Segment Start: DATA FOR THE TASK

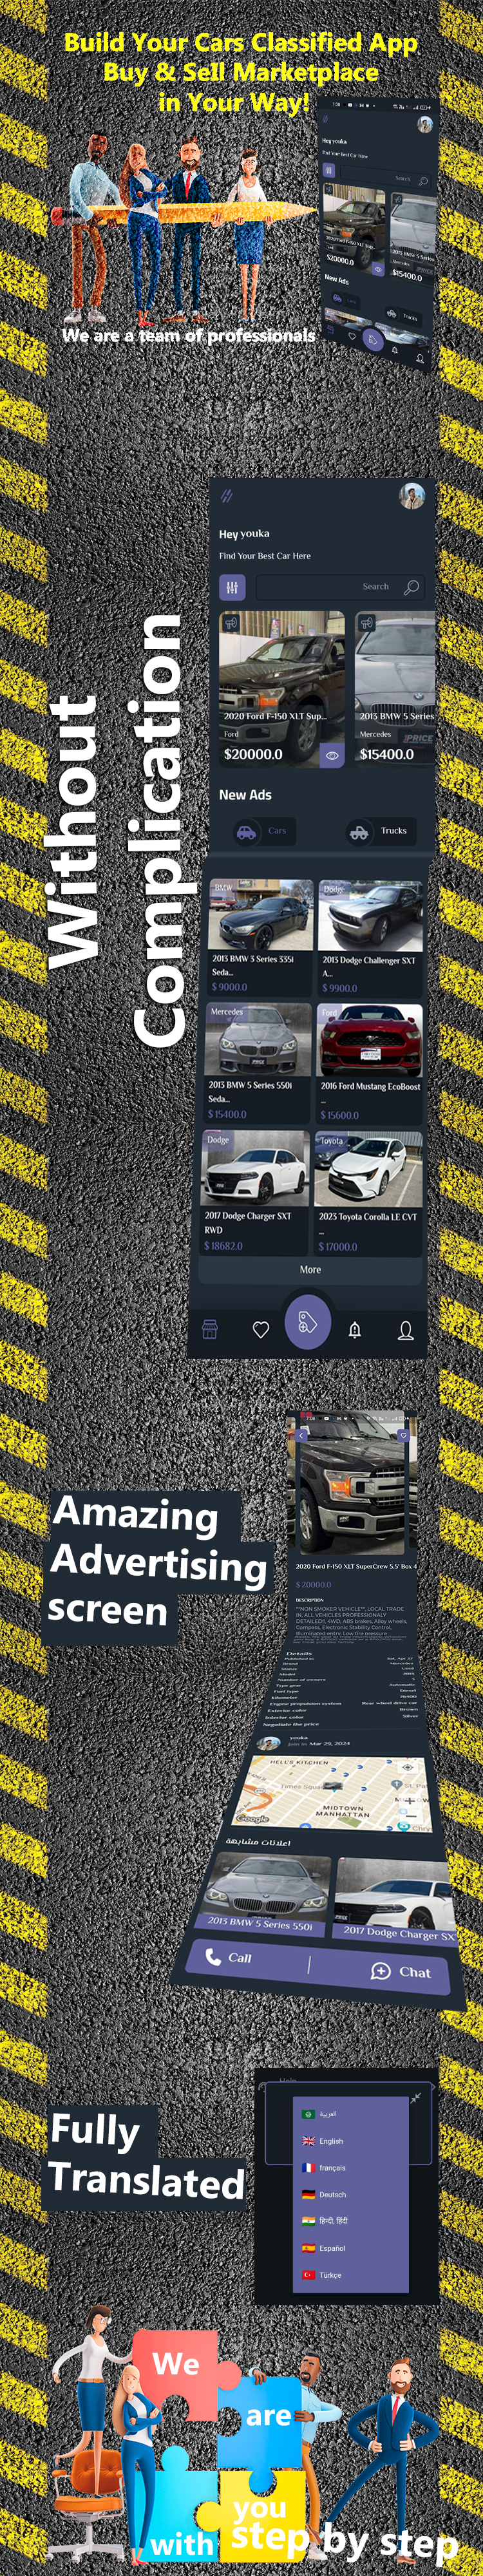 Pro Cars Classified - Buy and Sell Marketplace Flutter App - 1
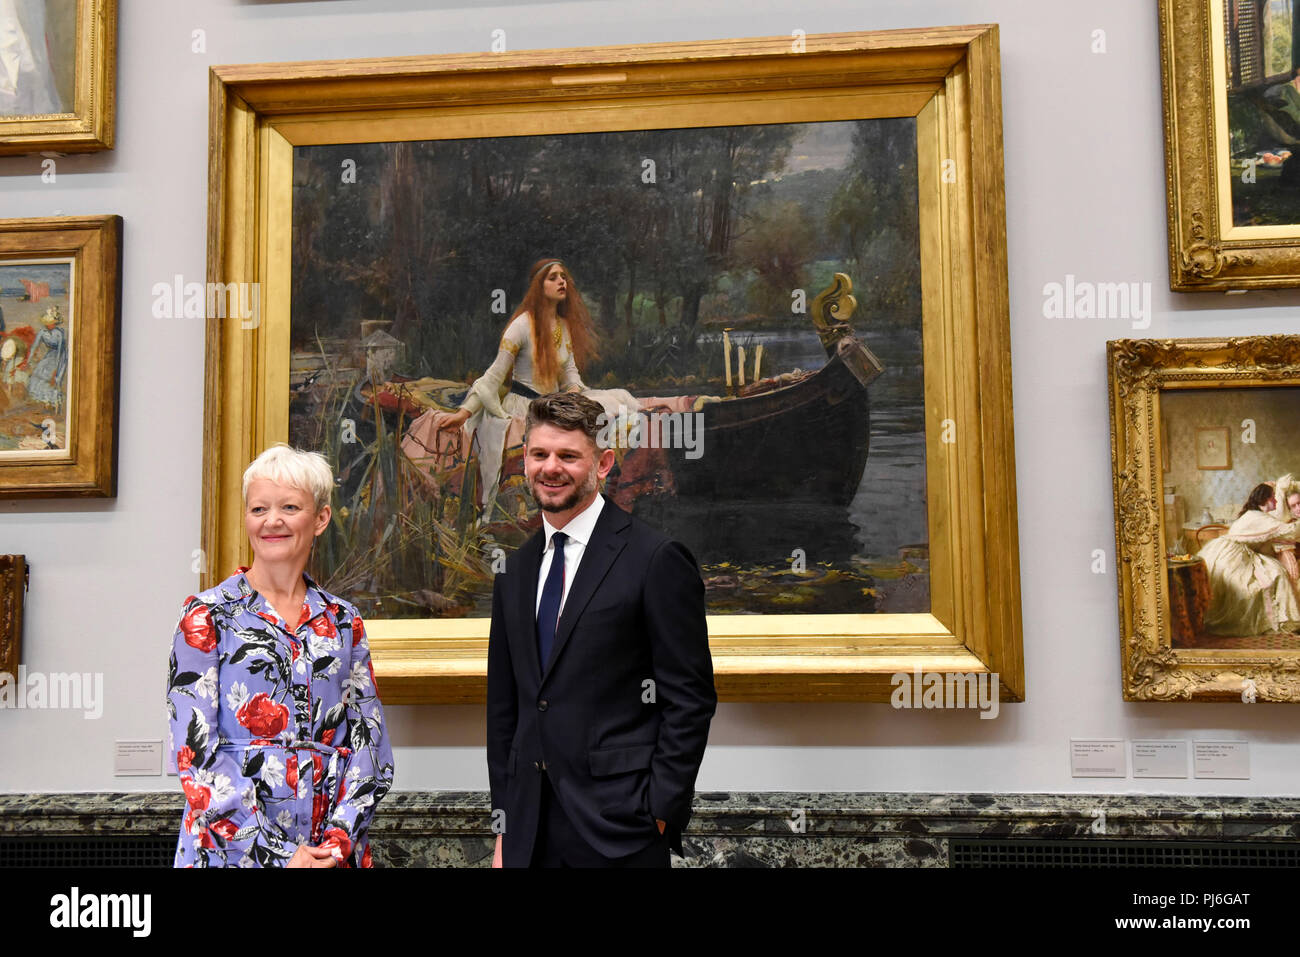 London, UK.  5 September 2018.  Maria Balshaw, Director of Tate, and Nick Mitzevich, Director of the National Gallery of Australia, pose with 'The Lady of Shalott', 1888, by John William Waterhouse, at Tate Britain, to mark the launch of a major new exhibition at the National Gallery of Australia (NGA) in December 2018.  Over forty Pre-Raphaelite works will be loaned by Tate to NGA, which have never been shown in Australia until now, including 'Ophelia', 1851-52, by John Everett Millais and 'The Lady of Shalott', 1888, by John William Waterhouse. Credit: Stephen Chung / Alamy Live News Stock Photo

Segment End: DATA FOR THE TASK
Segment Start: DATA FOR THE TASK

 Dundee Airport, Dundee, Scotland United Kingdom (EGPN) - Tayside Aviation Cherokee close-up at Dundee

Segment End: DATA FOR THE TASK
Segment Start: DATA FOR THE TASK

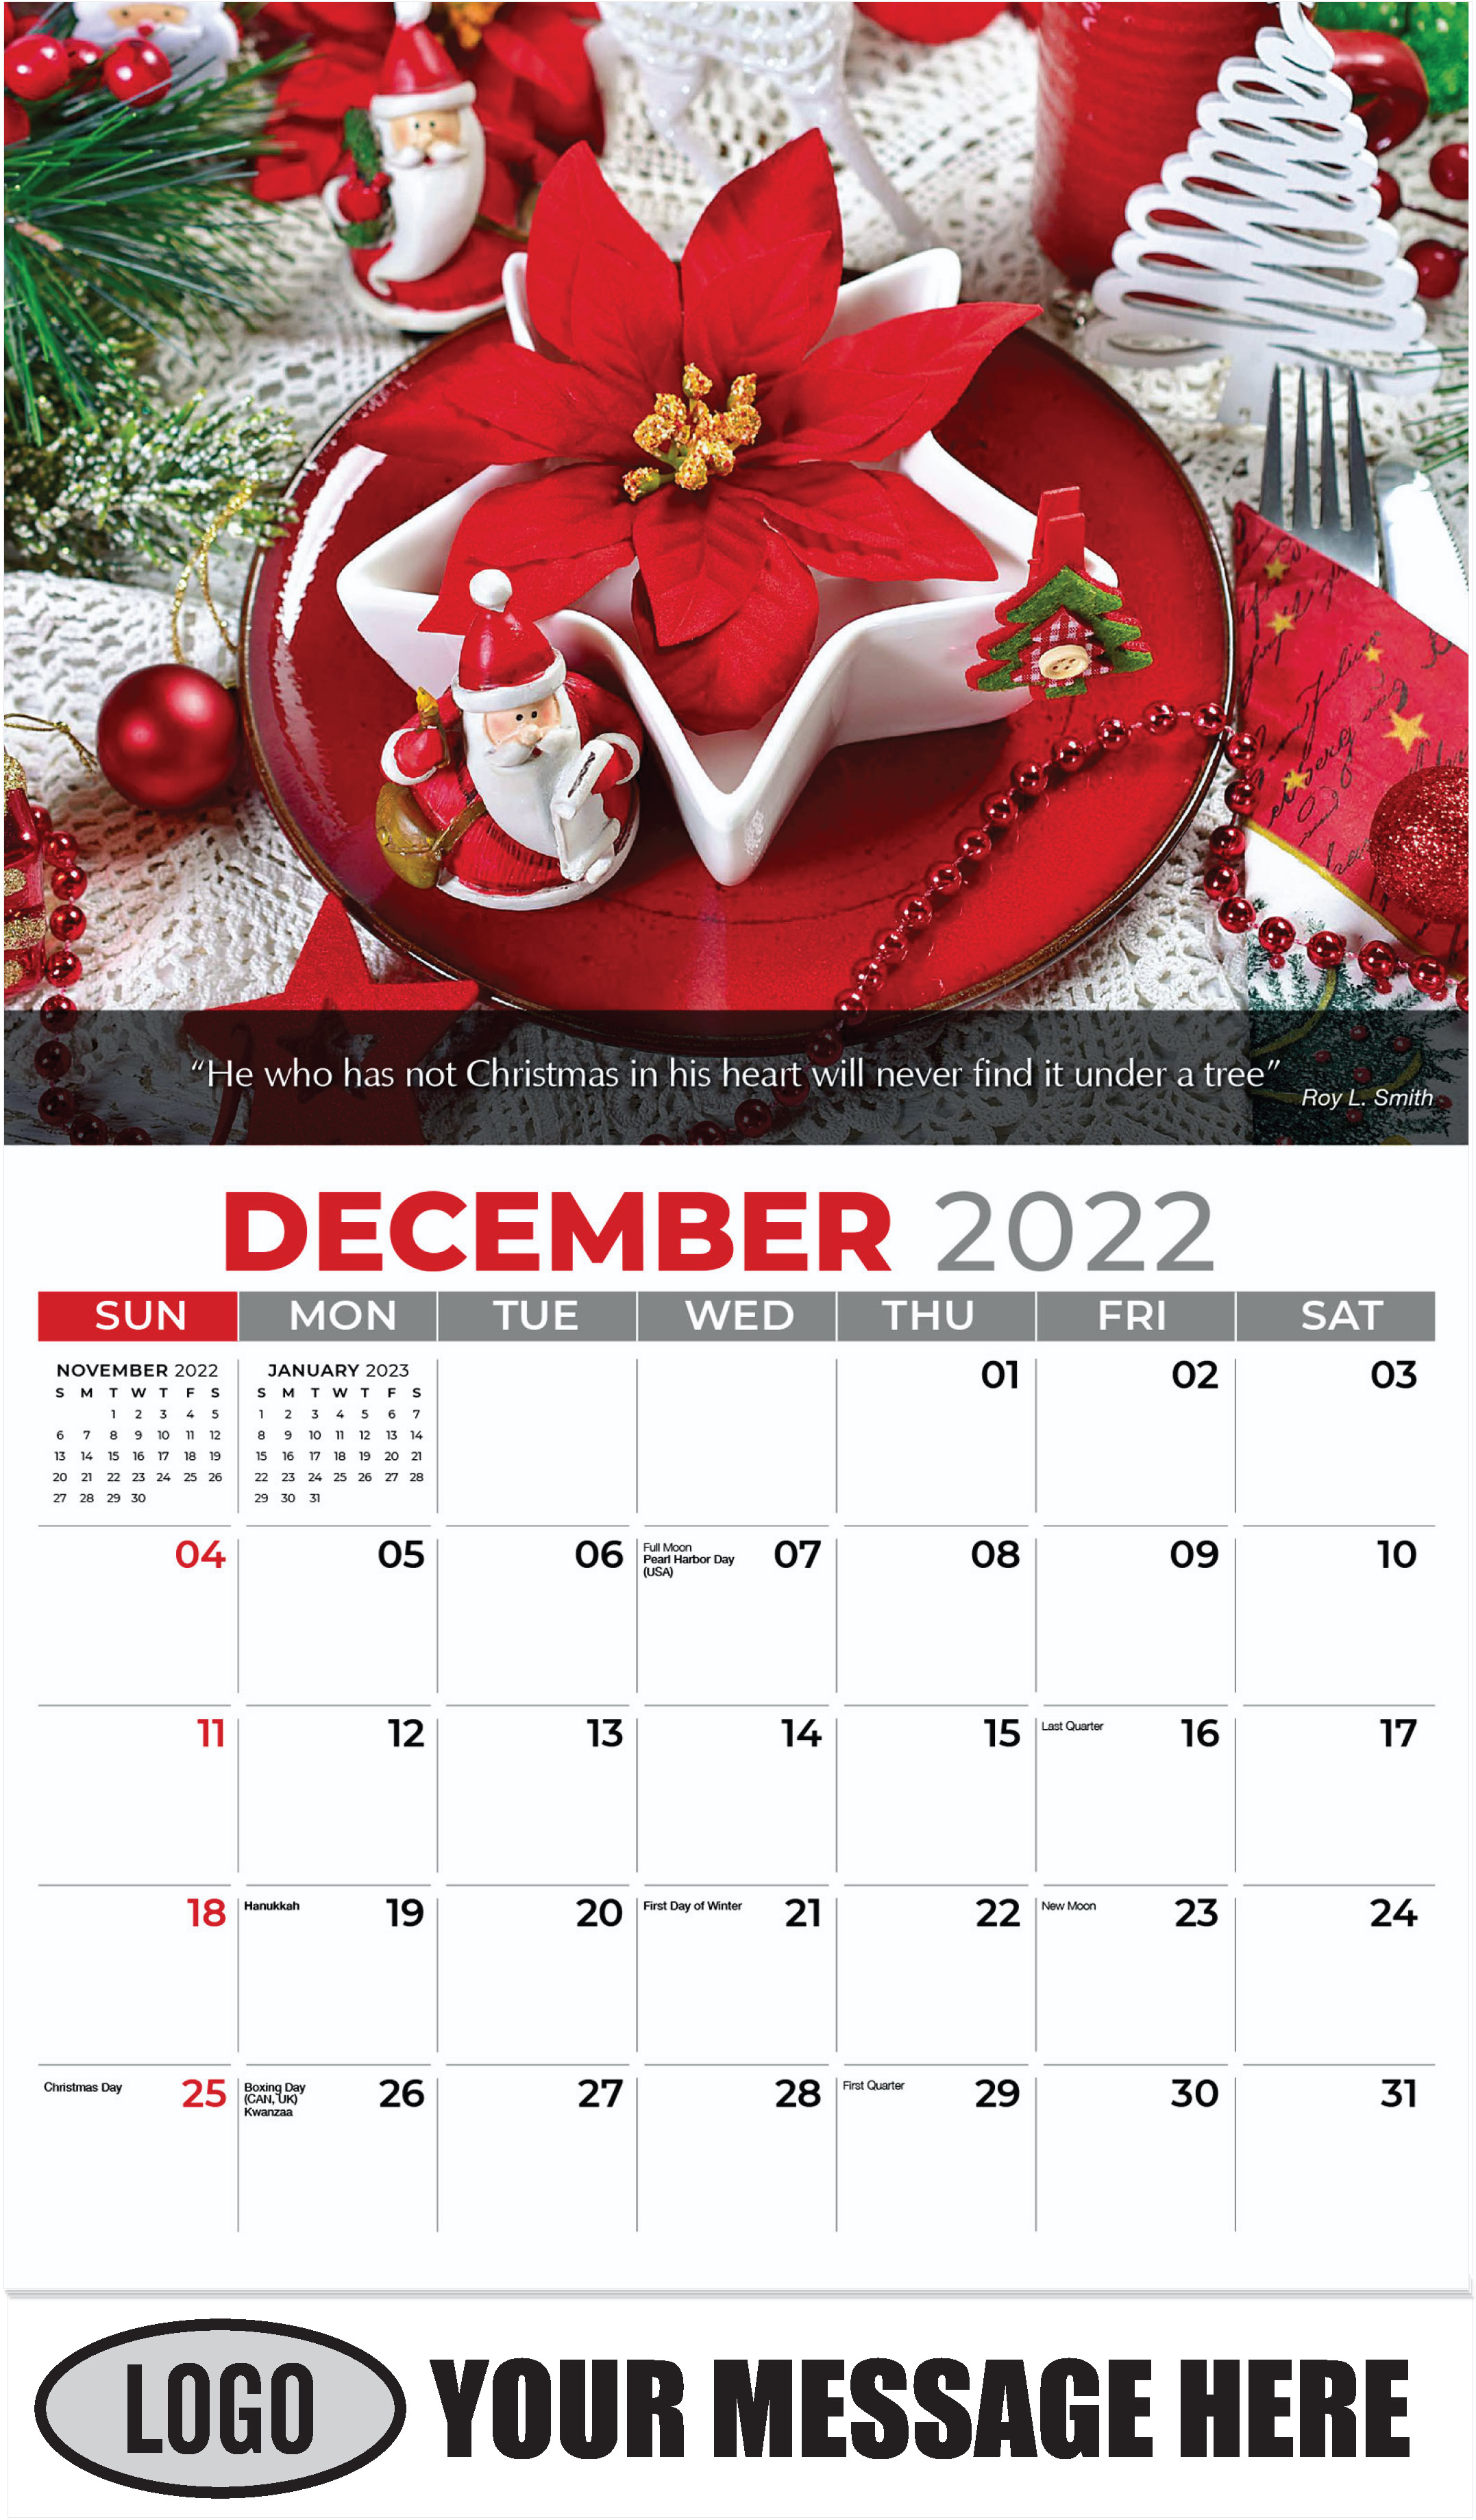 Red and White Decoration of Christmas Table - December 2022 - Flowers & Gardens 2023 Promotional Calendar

Segment End: DATA FOR THE TASK

• **EXERCISE**: Each line between the one holding "Pro Cars Classified" and the one holding "News Stock Photo", inclusive, should be copied exactly as it appears above, and pictures should be omitted.

• **RESULT OF THE EXERCISE**:
 Pro Cars Classified - Buy and Sell Marketplace Flutter App - 1
 London, UK.  5 September 2018.  Maria Balshaw, Director of Tate, and Nick Mitzevich, Director of the National Gallery of Australia, pose with 'The Lady of Shalott', 1888, by John William Waterhouse, at Tate Britain, to mark the launch of a major new exhibition at the National Gallery of Australia (NGA) in December 2018.  Over forty Pre-Raphaelite works will be loaned by Tate to NGA, which have never been shown in Australia until now, including 'Ophelia', 1851-52, by John Everett Millais and 'The Lady of Shalott', 1888, by John William Waterhouse. Credit: Stephen Chung / Alamy Live News Stock Photo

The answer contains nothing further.